Selon les autorités ukrainiennes, au moins quatre personnes ont été tuées dans la région et 19 autres ont été blessées. Pendant ce temps, au moins cinq secouristes ont été blessés alors qu'ils répondaient aux attaques, ont indiqué les services de sécurité ukrainiens.

Le maire de Kiev, Vitali Klitschko, a déclaré que la moitié des immeubles d'habitation de la capitale étaient restés sans chauffage après les frappes russes.

KIEV, UKRAINE - 09 JANVIER : Vue sur le site d'une attaque de drone russe à Kiev, Ukraine, le 09 janvier 2026. Selon la déclaration du maire de Kiev, Vitalii Klychko, 4 personnes ont été tuées et 19 blessées. Parmi les personnes tuées se trouvait le secouriste qui était arrivé sur les lieux de l'attaque au moment où la deuxième vague d'attaques avait eu lieu. Selon le communiqué publié par l'armée de l'air ukrainienne, 242 drones, 22 missiles de croisière et 13 missiles balistiques ont été utilisés ce soir pour cibler l'Ukraine. Un missile balistique à portée intermédiaire a également été utilisé pour cibler la région de Lviv, à l'ouest de l'Ukraine. (Photo de Danylo Antoniuk/Anadolu via Getty Images)

L'ambassade du Qatar à Kiev a été endommagée lors d'une frappe nocturne de missiles et de drones russes.
Les frappes russes ont laissé environ un demi-million de foyers sans électricité en raison de pannes d'urgence. pic.twitter.com/XAJfzn94uP

– Rapport de conflit (@clashreport) 9 janvier 2026

Dans l’ensemble, l’utilisation d’un seul IRBM Oreshnik sans ogives et la possibilité que rien de valeur militaire n’ait été touché suggèrent que le missile a été principalement utilisé comme instrument d’intimidation. On ne sait pas non plus combien de ces IRBM coûteux ont réellement été fabriqués à ce stade, et si la Russie serait même capable d'en tirer plusieurs exemplaires dans le cadre d'une quelconque campagne soutenue. Selon une évaluation du ministère britannique de la Défense, la Russie ne compte actuellement qu’une poignée d’Oreshniks.
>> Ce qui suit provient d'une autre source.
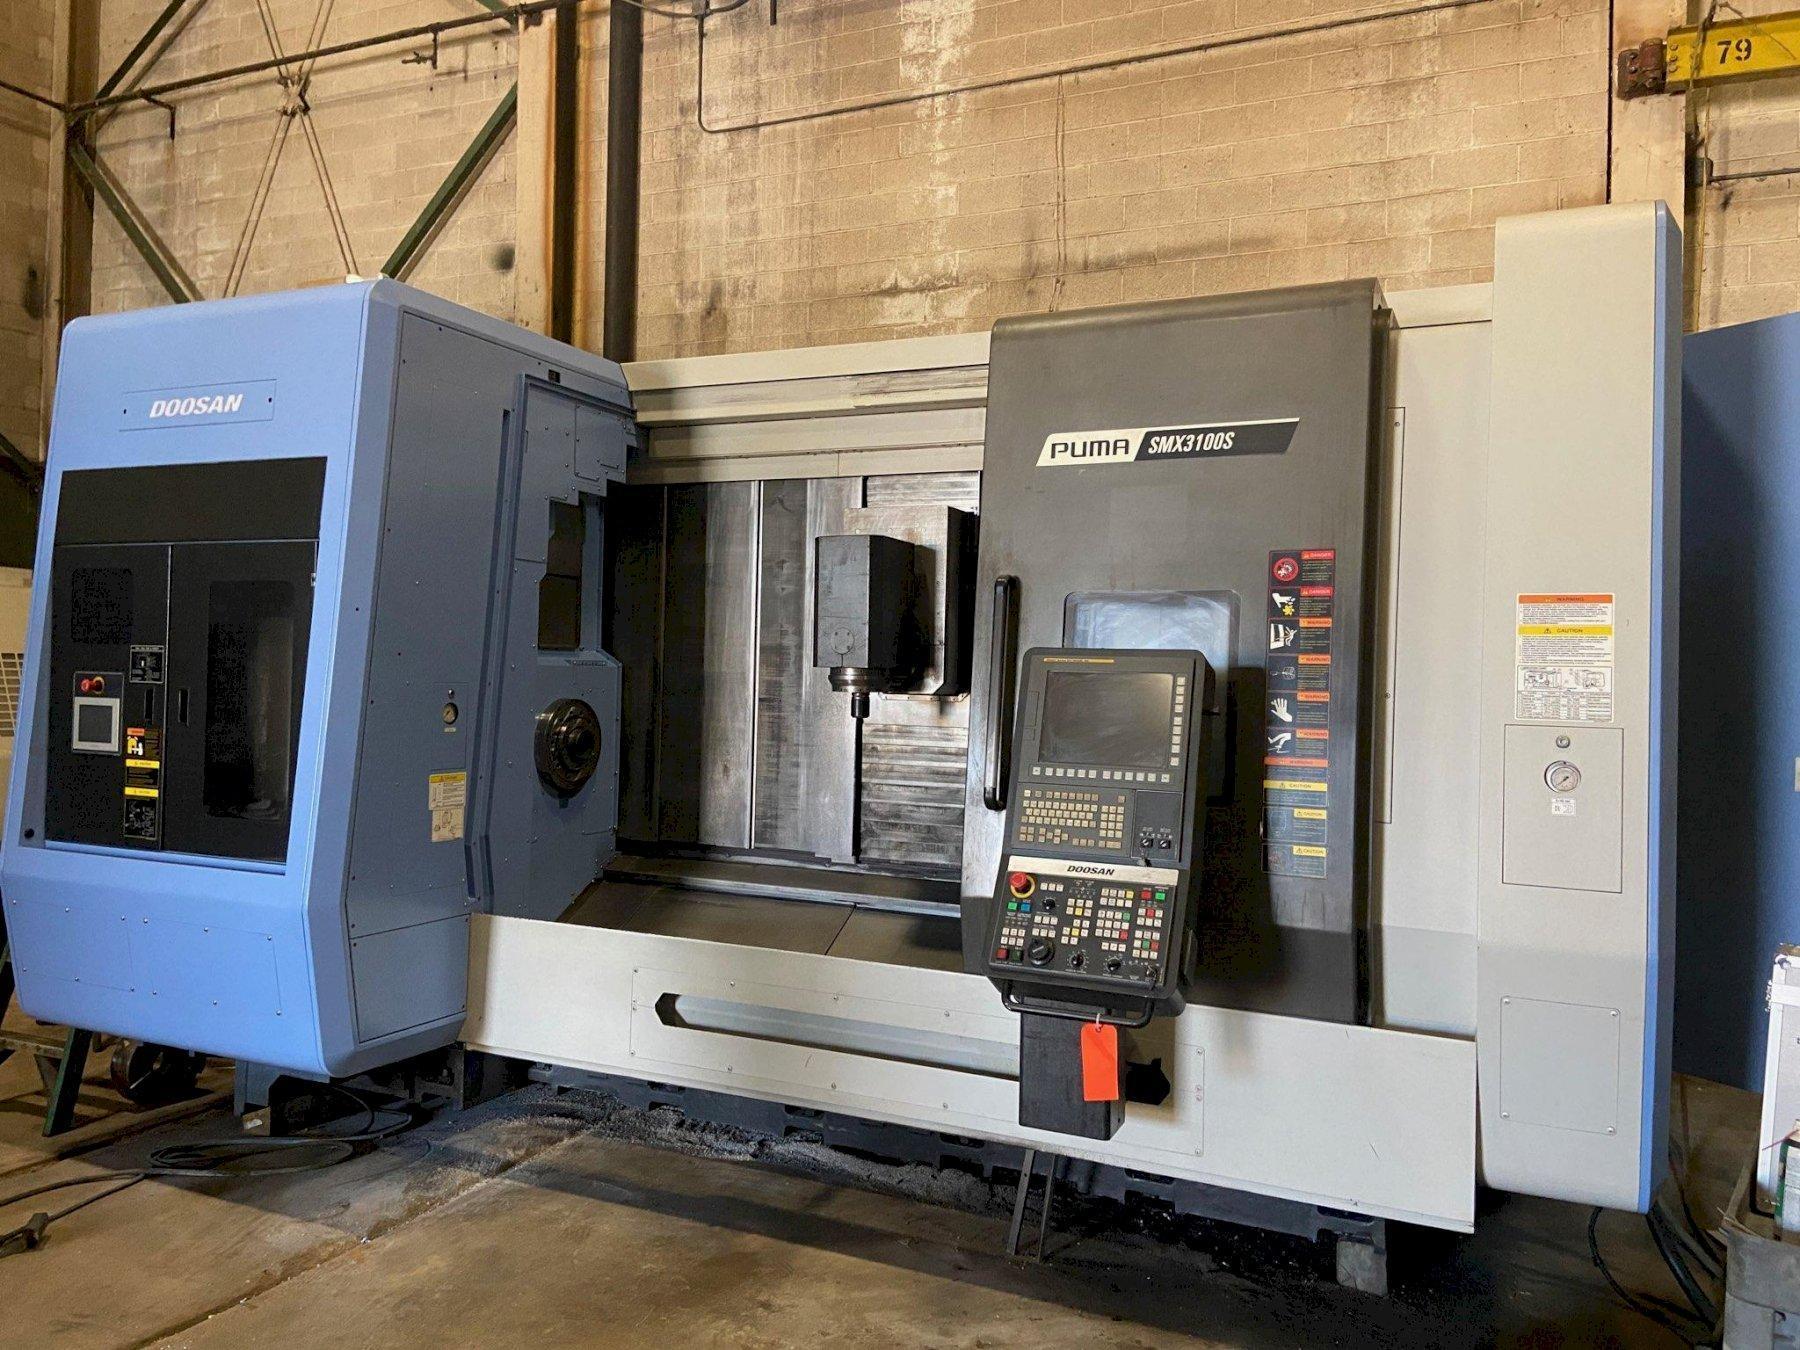 Doosan Puma SMX3100S 7-Axis CNC Lathe, Fanuc 31i, 12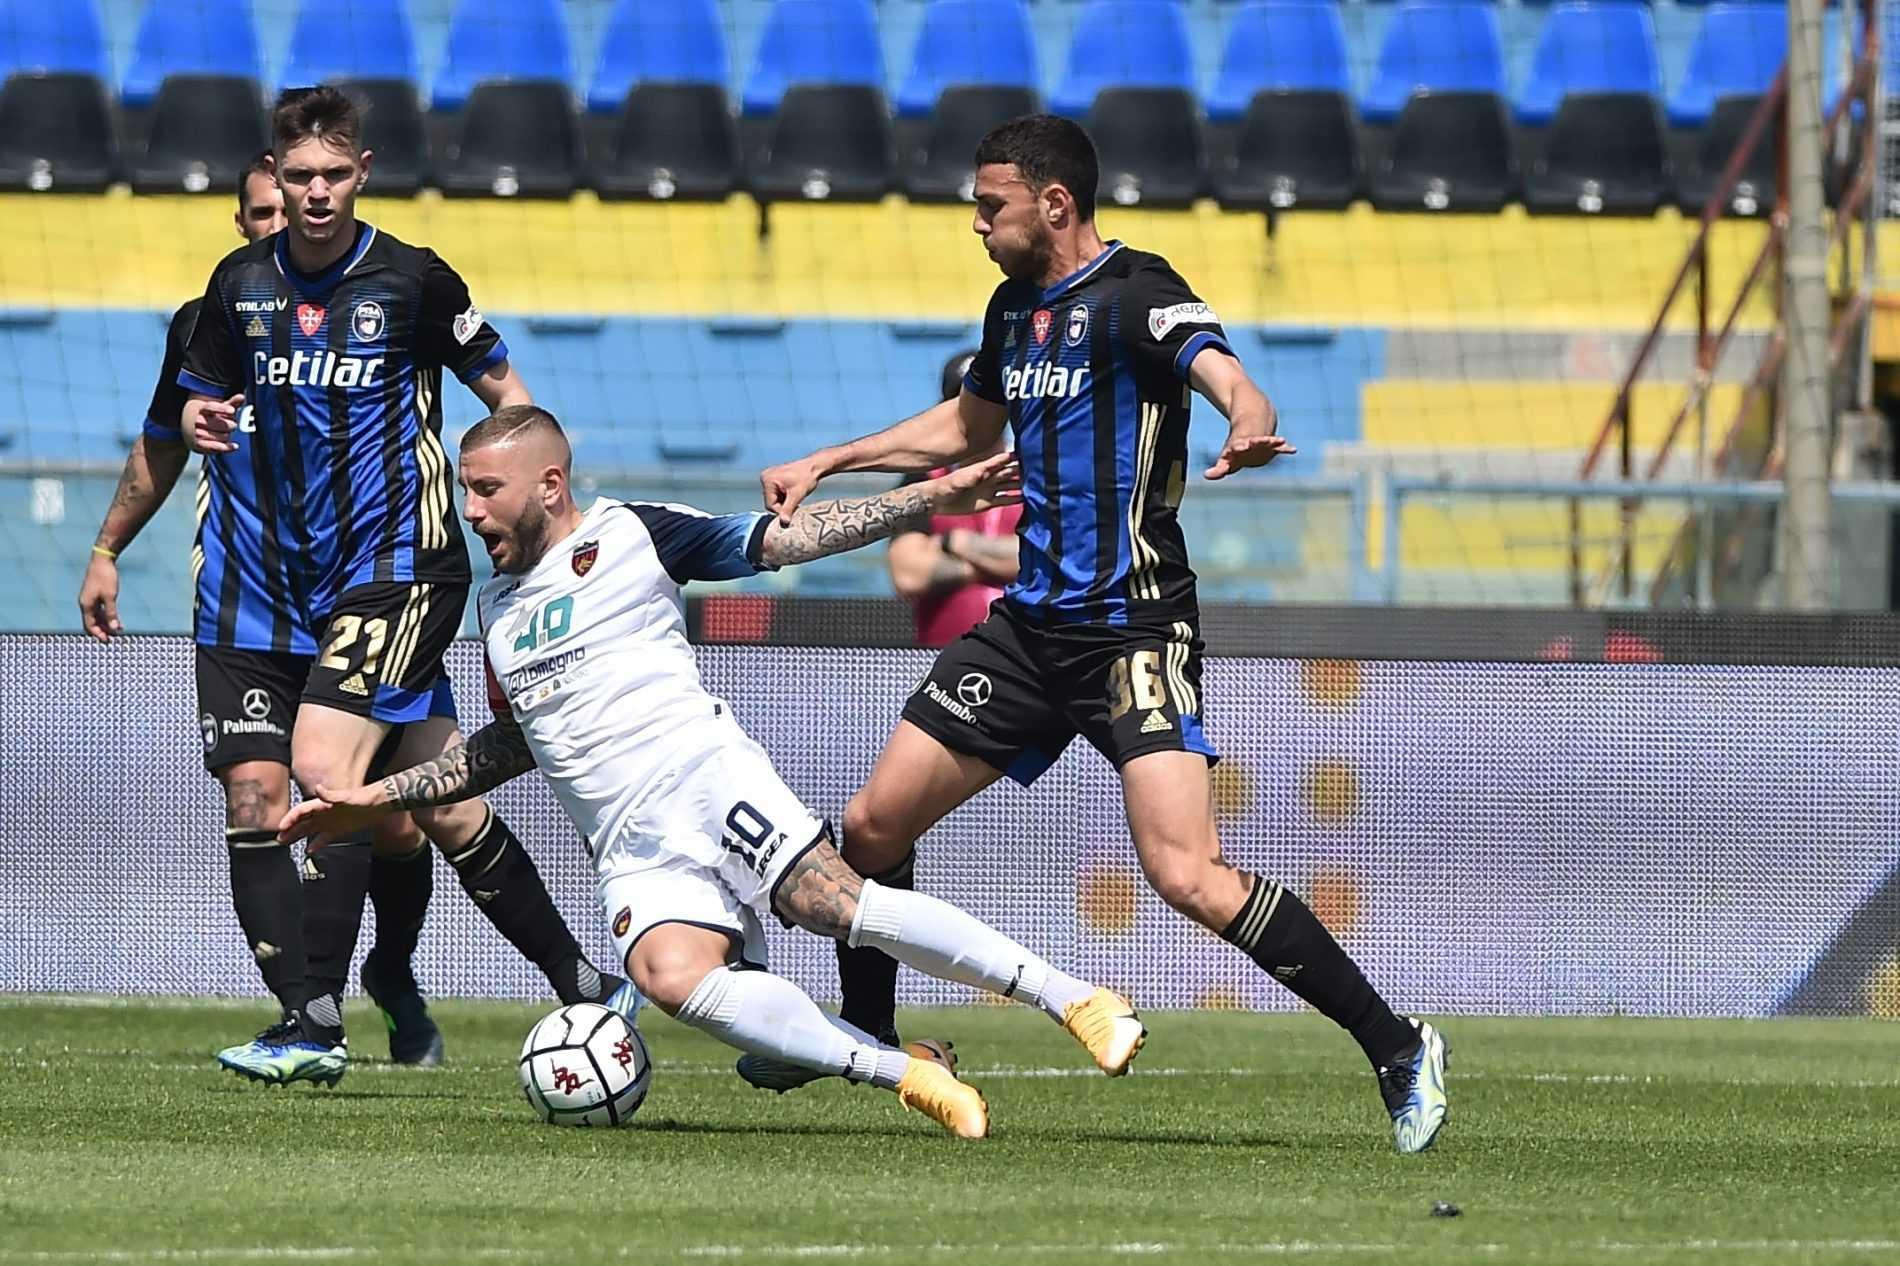 Serie B, giornata 34: la Salernitana tiene il passo del Lecce

Cela dit, le Kremlin a clairement suffisamment de raisons de s’en prendre à l’Ukraine et à ses alliés à ce stade, et a opté pour ce type de signalisation basée sur des missiles. À ce stade, on peut se demander si cette mesure aura l’effet coercitif souhaité.

Marc-André Boucher

Marc-André Boucher

Analyste de formation et passionné de stratégie internationale, j’écris pour 45eNord.ca afin de décrypter les grandes dynamiques militaires mondiales. Mon objectif : rendre claires les logiques de pouvoir et les rapports de force qui façonnent notre époque. J’aime lier les faits du jour à une vision d’ensemble.